Protein Binding of β-Lactam Antibiotics in Critically Ill Patients: Can We Successfully Predict Unbound Concentrations?

Gloria Wong et al. Antimicrob Agents Chemother. .
Free PMC article

Abstract

The use of therapeutic drug monitoring (TDM) to optimize beta-lactam dosing in critically ill patients is growing in popularity, although there are limited data describing the potential impact of altered protein binding on achievement of target concentrations. The aim of this study was to compare the measured unbound concentration to the unbound concentration predicted from published protein binding values for seven beta-lactams using data from blood samples obtained from critically ill patients. From 161 eligible patients, we obtained 228 and 220 plasma samples at the midpoint of the dosing interval and trough, respectively, for ceftriaxone, cefazolin, meropenem, piperacillin, ampicillin, benzylpenicillin, and flucloxacillin. The total and unbound beta-lactam concentrations were measured using validated methods. Variabilities in both unbound and total concentrations were marked for all antibiotics, with significant differences being present between measured and predicted unbound concentrations for ceftriaxone and for flucloxacillin at the mid-dosing interval (P < 0.05). The predictive performance for calculating unbound concentrations using published protein binding values was poor, with bias for overprediction of unbound concentrations for ceftriaxone (83.3%), flucloxacillin (56.8%), and benzylpenicillin (25%) and underprediction for meropenem (12.1%). Linear correlations between the measured total and unbound concentrations were observed for all beta-lactams (R(2) = 0.81 to 1.00; P < 0.05) except ceftriaxone and flucloxacillin. The percent protein binding of flucloxacillin and the plasma albumin concentration were also found to be linearly correlated (R(2) = 0.776; P < 0.01).
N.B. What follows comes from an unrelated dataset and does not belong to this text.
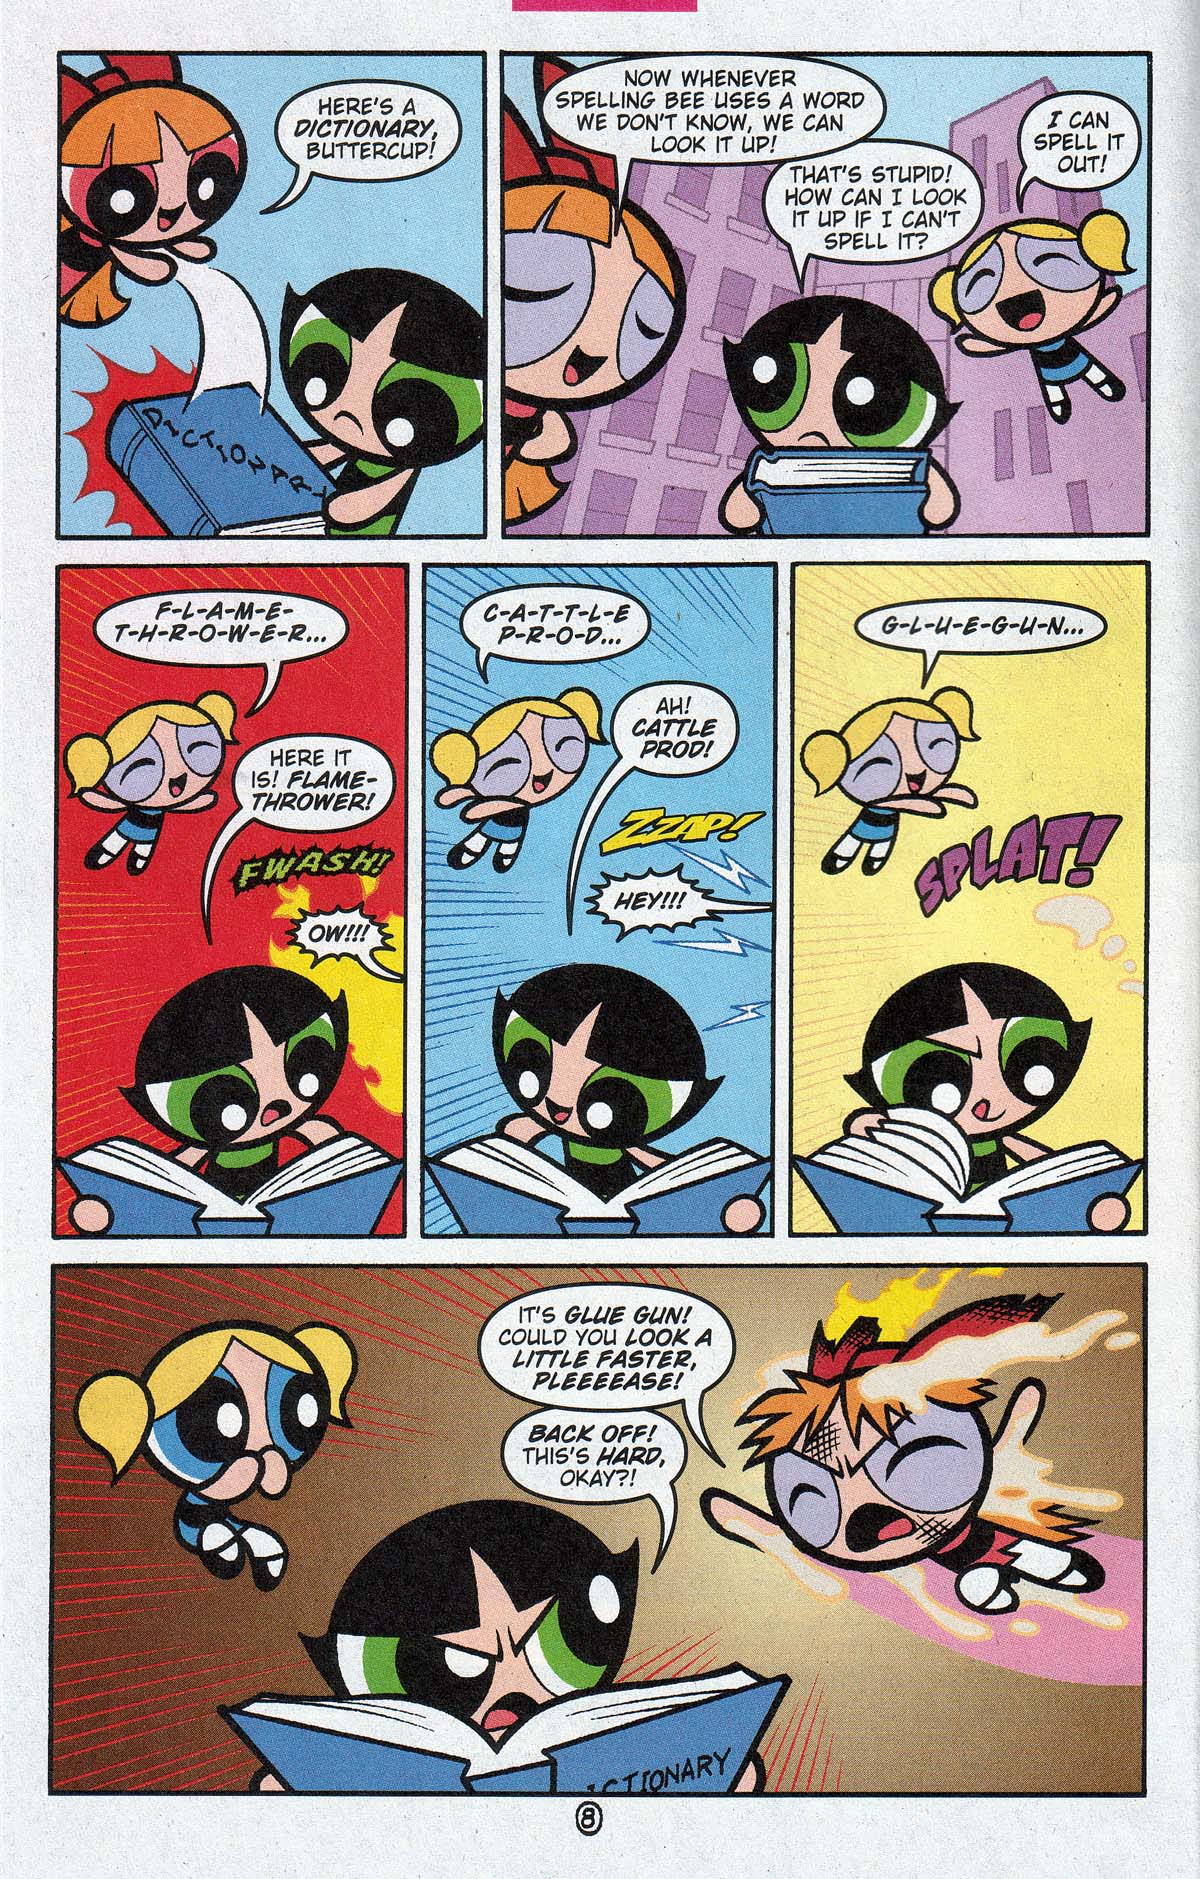 The Powerpuff Girls Issue Read The Powerpuff Girls Issue Comic

In conclusion, significant differences between measured and predicted unbound drug concentrations were found only for the highly protein-bound beta-lactams ceftriaxone and flucloxacillin. However, direct measurement of unbound drug in research and clinical practice is suggested for selected beta-lactams.

Figures

Fig 1
Fig 1
Linear correlation between measured and predicted unbound trough concentrations of ceftriaxone (a) and cefazolin (b) (R2 = 0.96; P = 0.003). The x = y plots are shown as gray dashed lines.
Fig 2
Fig 2
Bland-Altman plots of relative difference (percentage of measured unbound concentrations) against the mean of predicted and measured unbound concentrations for piperacillin (n = 94; ρ = −0.51; P < 0.01) (a), ampicillin (n = 8; ρ = 0.42; P = 0.30) (b), benzylpenicillin (n = 11; ρ = −0.92; P < 0.01) (c), meropenem (n = 49; ρ = 0.02; P = 0.91) (d), ceftriaxone (n = 19; ρ = −0.43; P = 0.07) (e), cefazolin (n = 5; ρ = −0.80; P < 0.01) (f), and flucloxacillin (n = 11; ρ = −0.81; P < 0.01) (g). The biases and 95% limits of agreement are shown as solid and broken horizontal lines, respectively.